Return only what runs from the line containing "Woman Wearing Winter" through the last line of the entries below, exactly, omitting pictures.

======

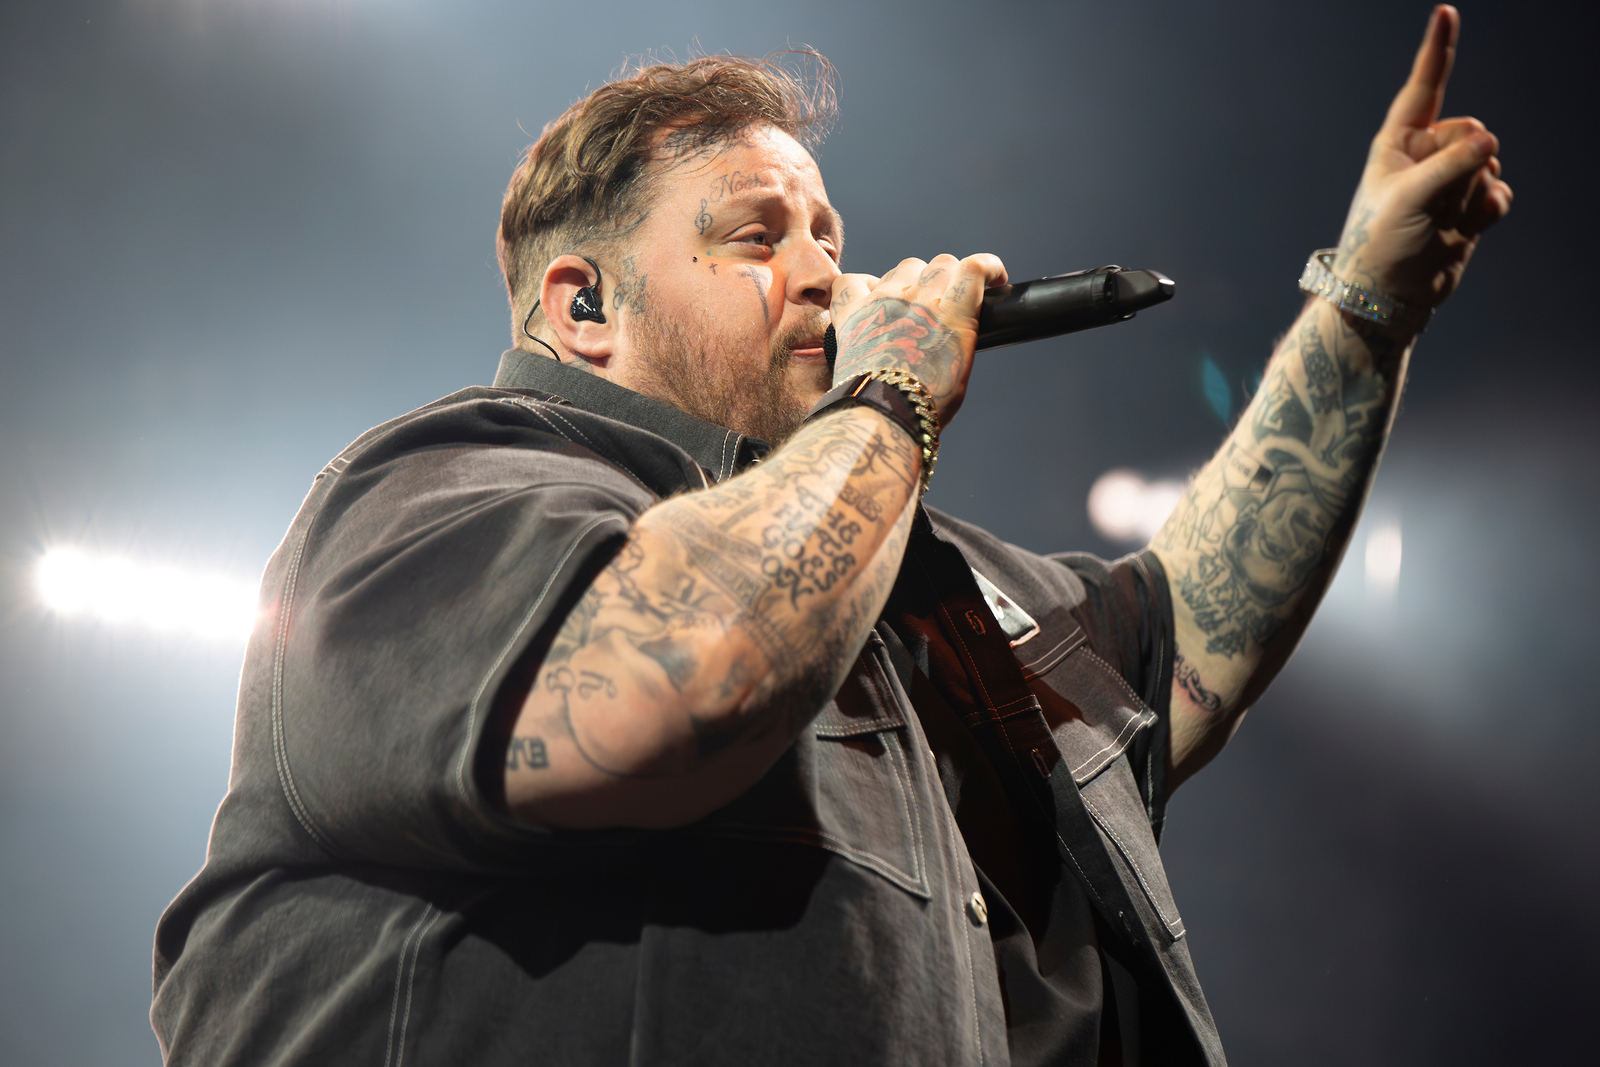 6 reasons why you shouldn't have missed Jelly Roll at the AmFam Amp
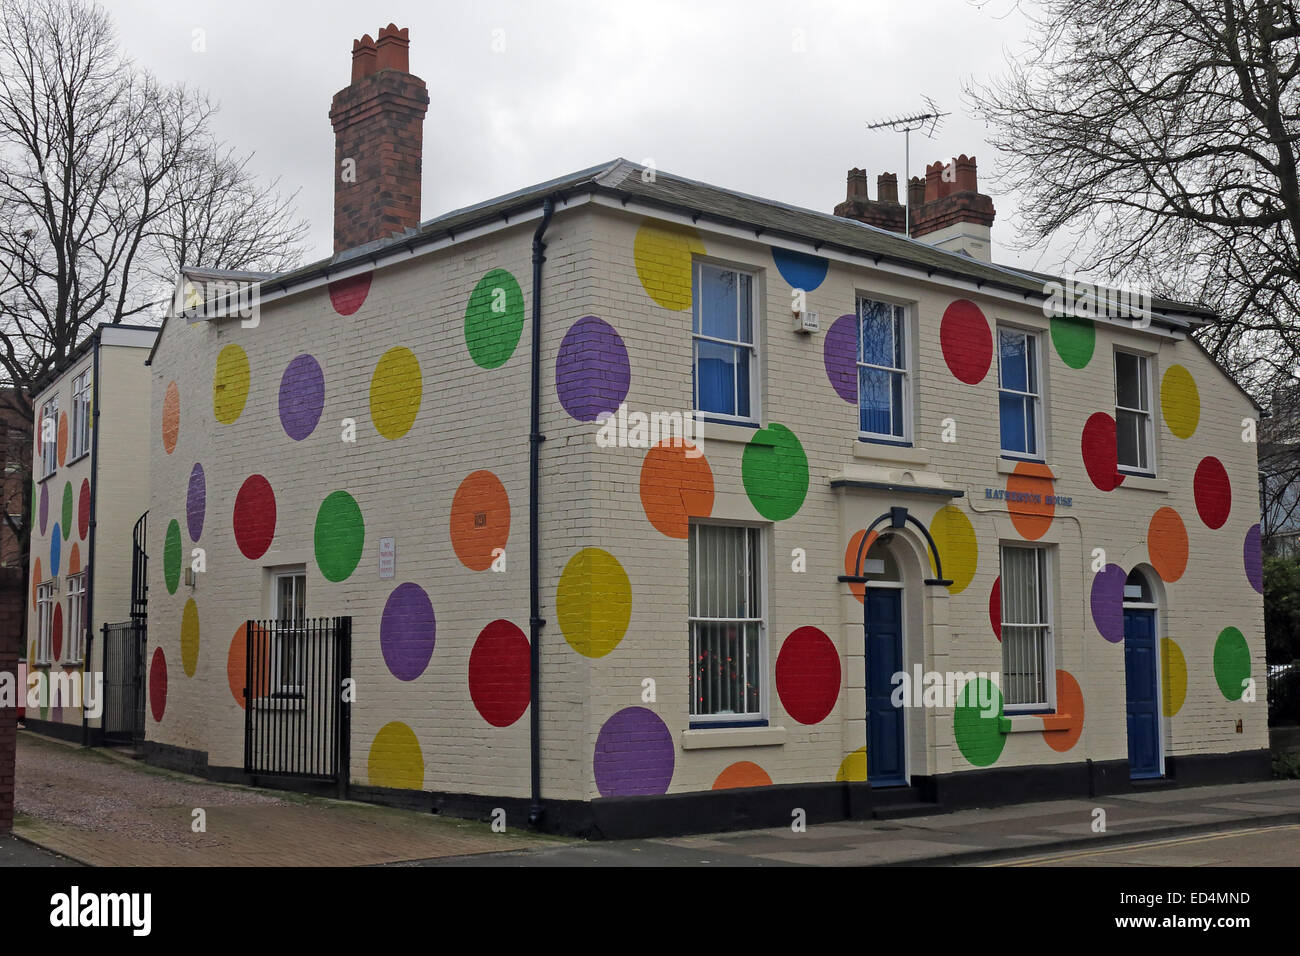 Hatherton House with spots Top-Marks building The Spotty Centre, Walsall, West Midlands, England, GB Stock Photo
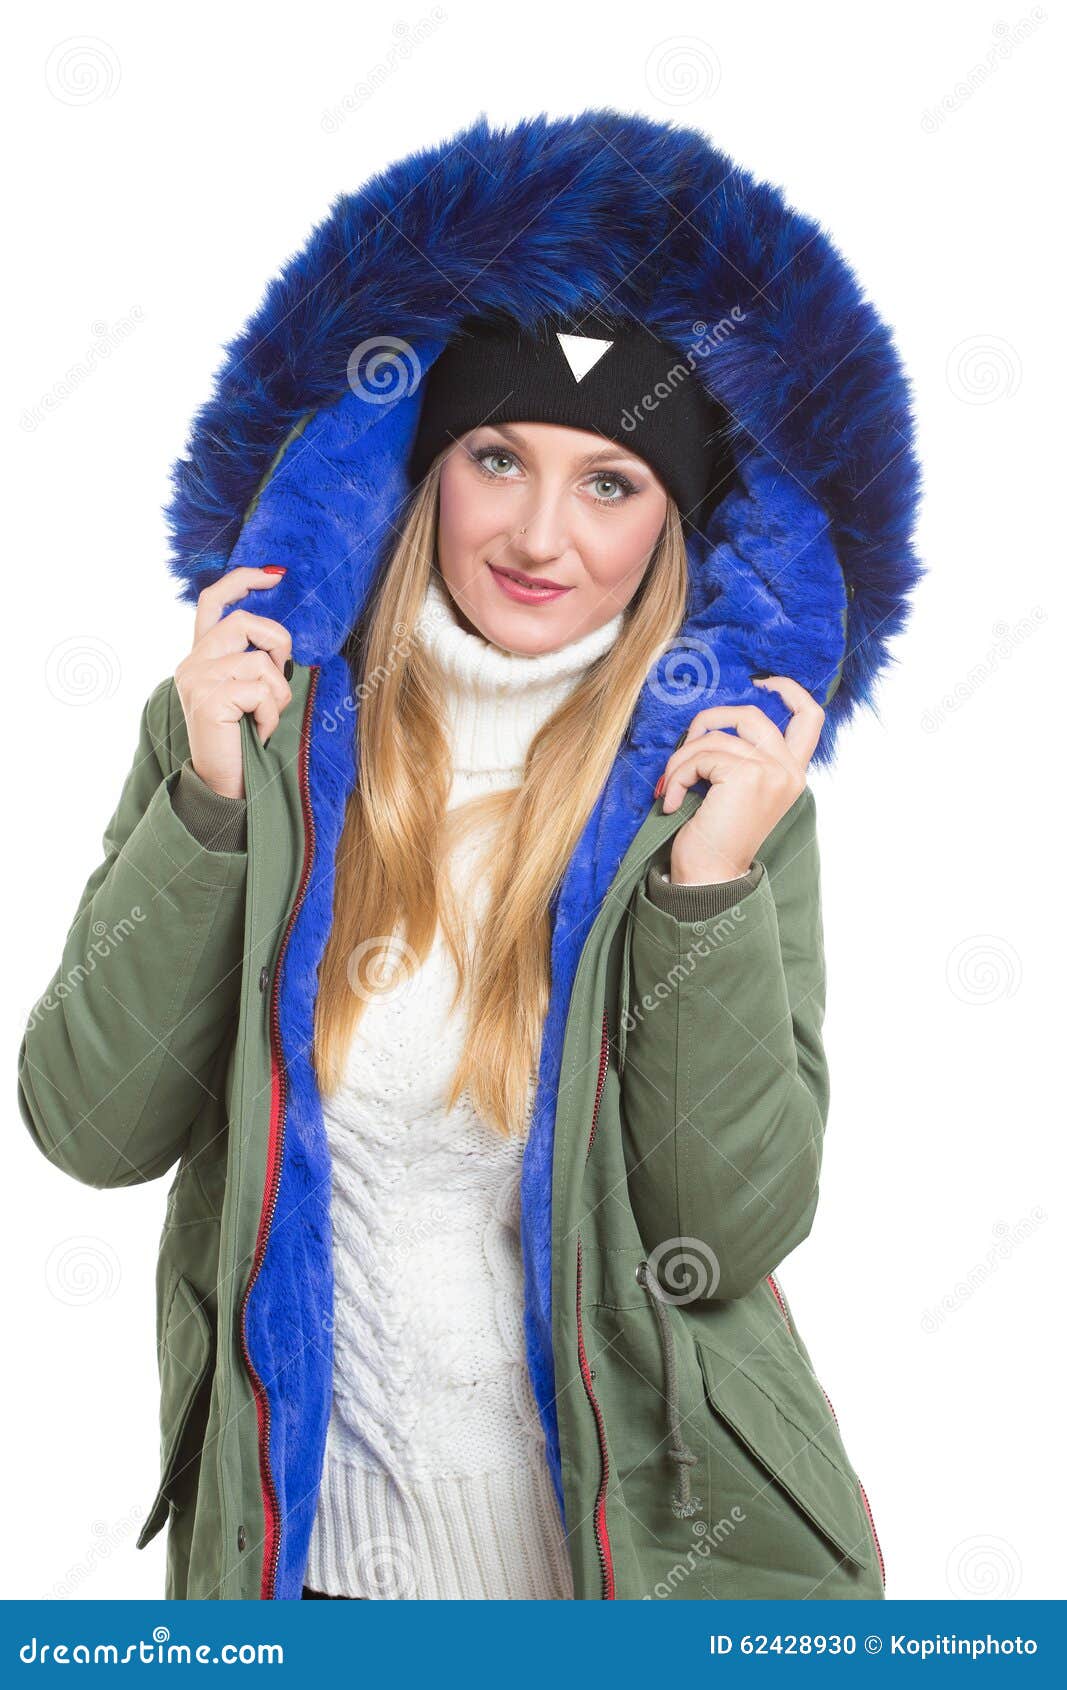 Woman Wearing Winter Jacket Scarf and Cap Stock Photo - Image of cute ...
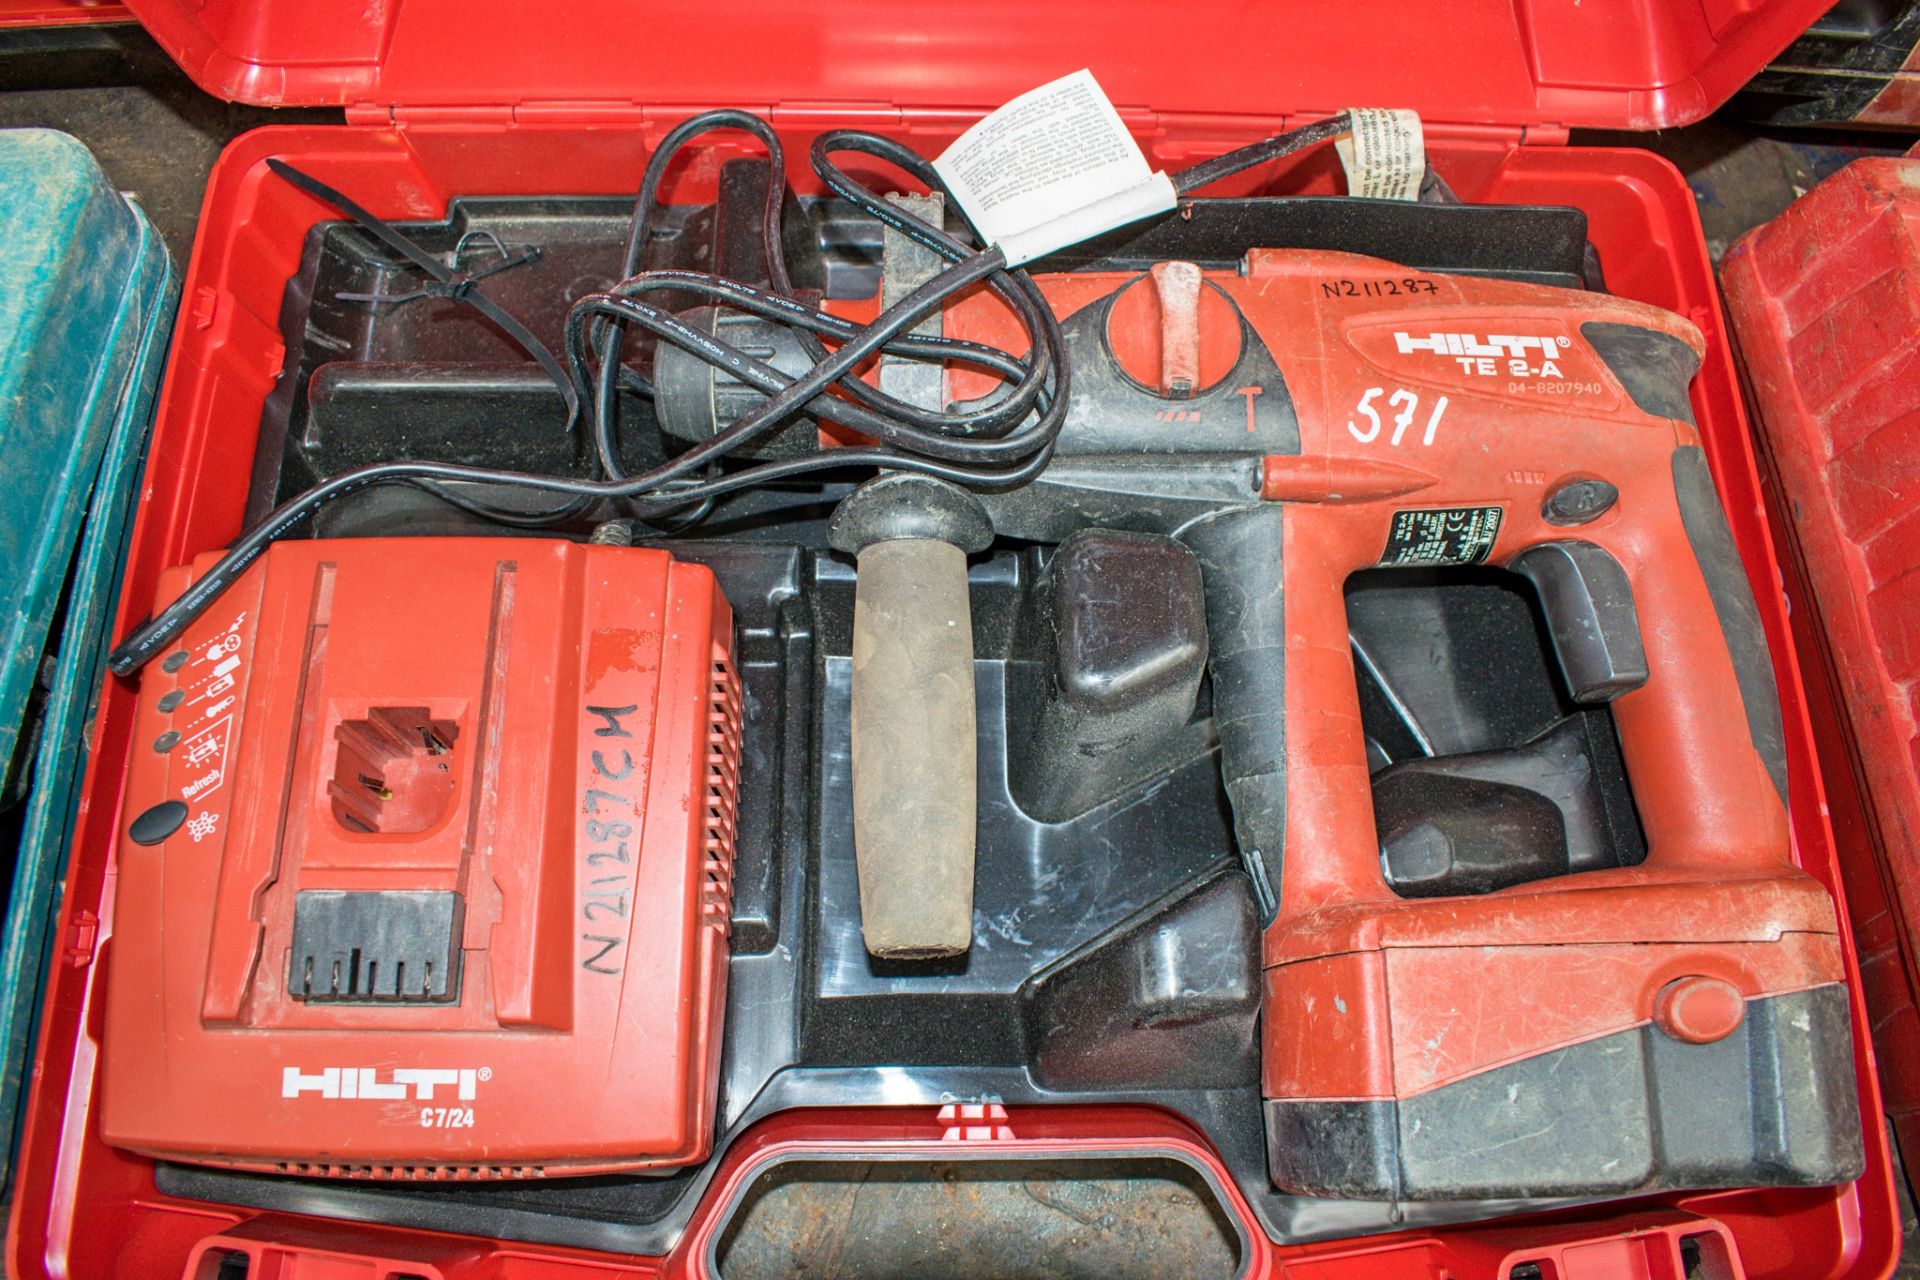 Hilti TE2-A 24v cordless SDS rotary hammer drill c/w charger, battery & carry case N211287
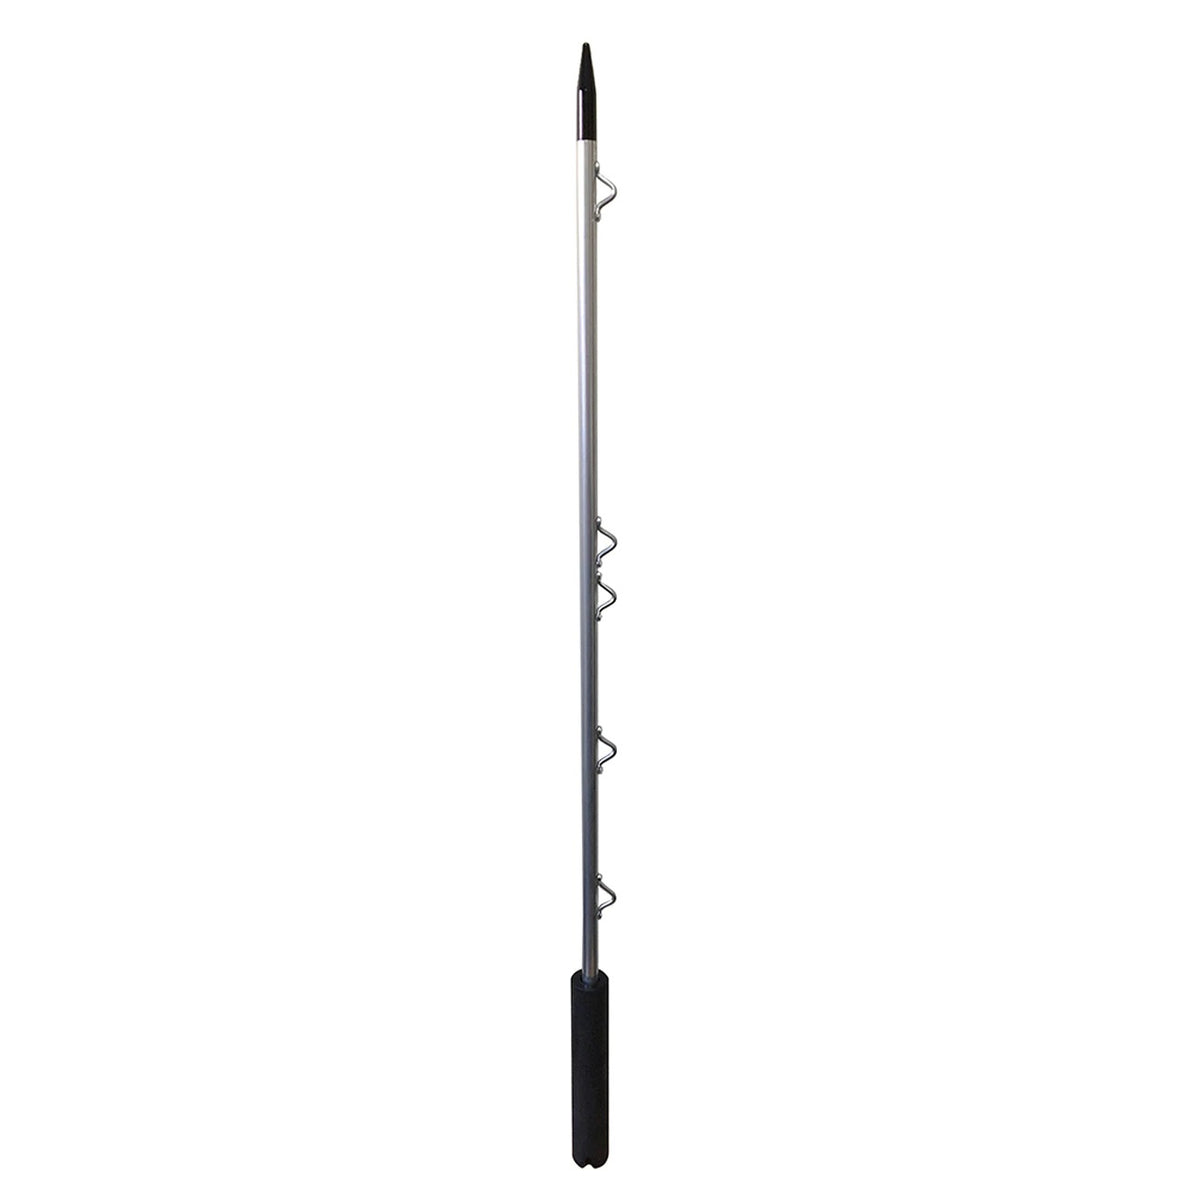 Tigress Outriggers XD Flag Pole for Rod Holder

======

§ ANSWER SPACE
 Woman Wearing Winter Jacket Scarf and Cap Stock Photo - Image of cute ...
 Hilti TE2-A 24v cordless SDS rotary hammer drill c/w charger, battery & carry case N211287
 Tigress Outriggers XD Flag Pole for Rod Holder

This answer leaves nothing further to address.